It shouldn't be bad in small amounts. I just wouldn't make it a practice.


----------



## sammyd (Mar 11, 2007)

a pig is an omnivore and feeding it meat is far different than feeding meat to an herbivore like a cow.


----------



## Dry Bridge (Jul 7, 2010)

txplowgirl said:


> Out in west texas where I grew up it was known as a no no to feed meat to pigs because it made them mean as a snake. I do know they will go nuts and run over anyone and anything trying to get a snake.
> The feral hogs in Texas are known to attack people if they can get a hold of em. Another reason besides the overpopulation is there are reports of them eating peoples newborn calves, sheep, goats, chickens, you name it.


The following at least is an opinion of our predescesors...

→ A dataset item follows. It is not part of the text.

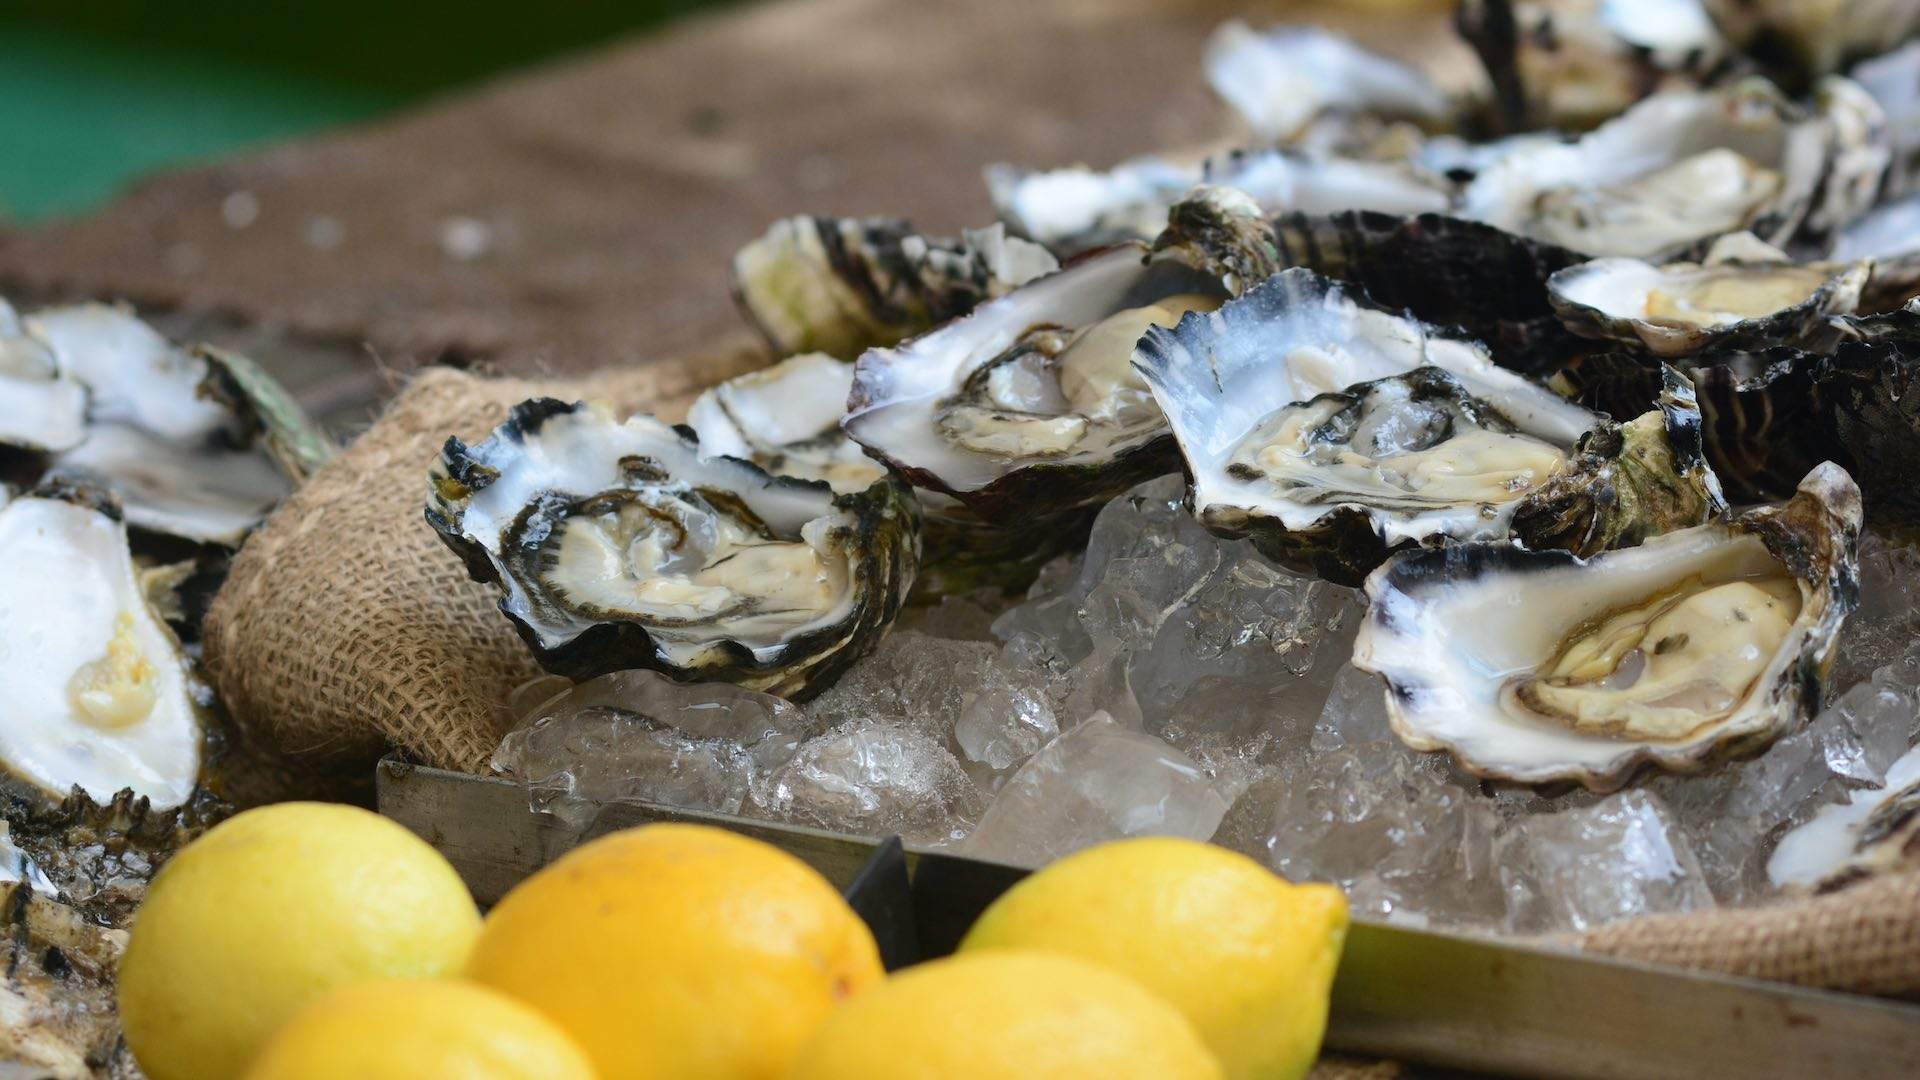 A plate of fresh oysters.
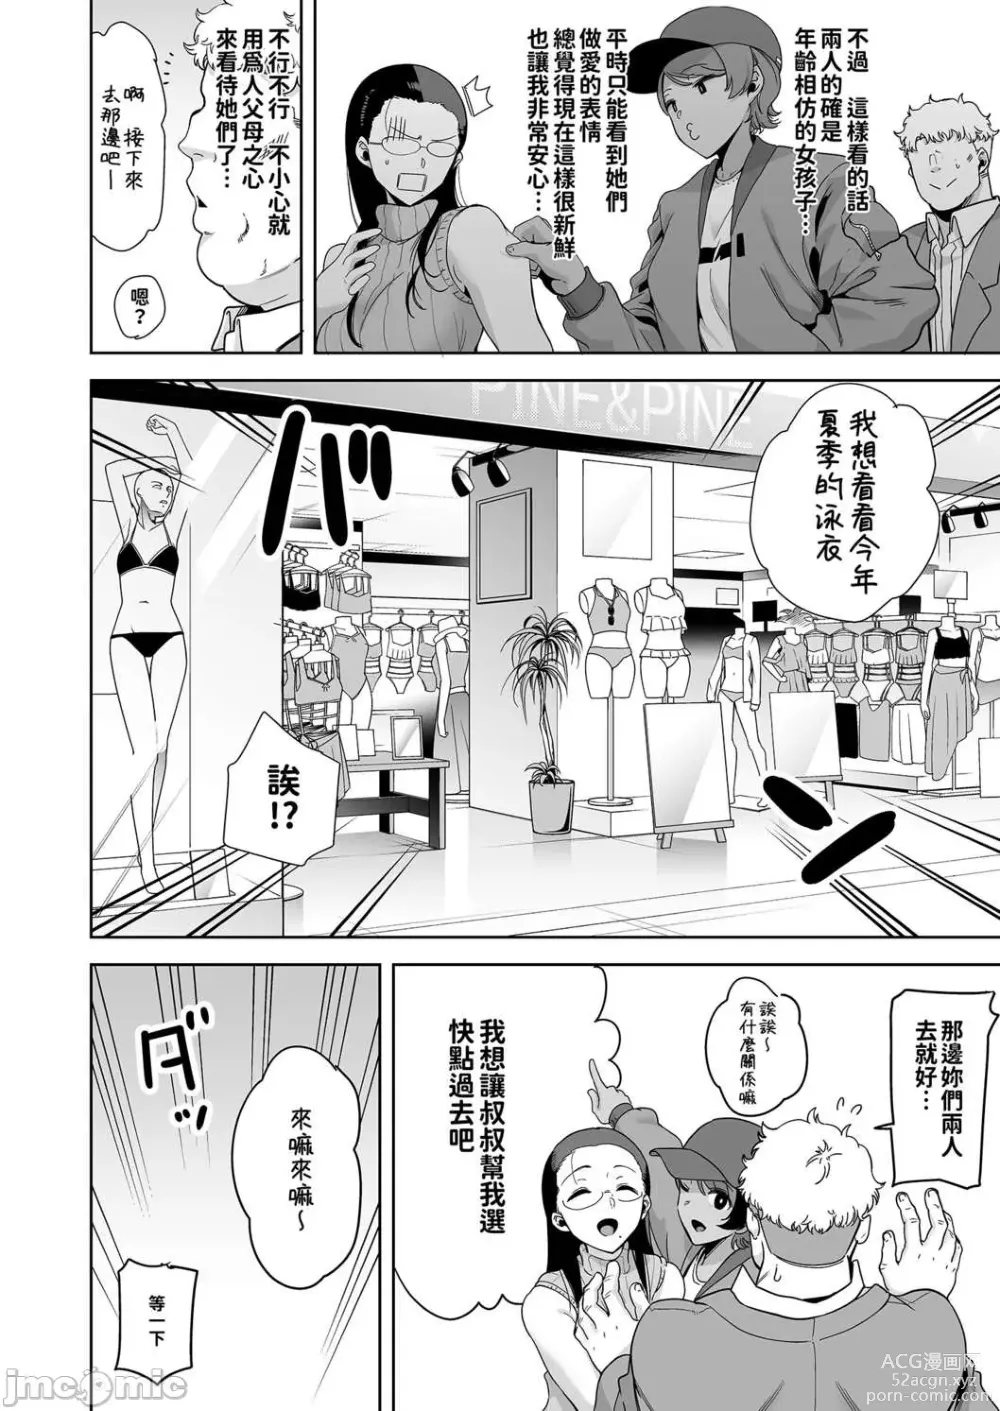 Page 8 of doujinshi 聖華女学院高等部公認竿おじさん 3

The Hog; A Treatise On The Breeds said:


> Animal Substances. There cannot be a doubt but that these are highly fattening in their nature, and also that swine, being somewhat allied to the carnivors will greedily devour them; but the question is, Do they not tend to make the flesh strong and rank, to inflame the blood, to create in the animals a longing for more of such food, and thus lead them to destroy fowls, rabbits, ducks, and even the litters of their companions? Many will give blood, entrails, scraps of refuse meat, horse-flesh, and such like, to swine, but we should decidedly discourage such practices; the nearest approach to animal food we would admit should be pot-liquor, and dairy refuse. Animal food is bad for every kind of swine; and tends to make them savage and feverish, and often lays the foundation of serious inflamation of the intestines.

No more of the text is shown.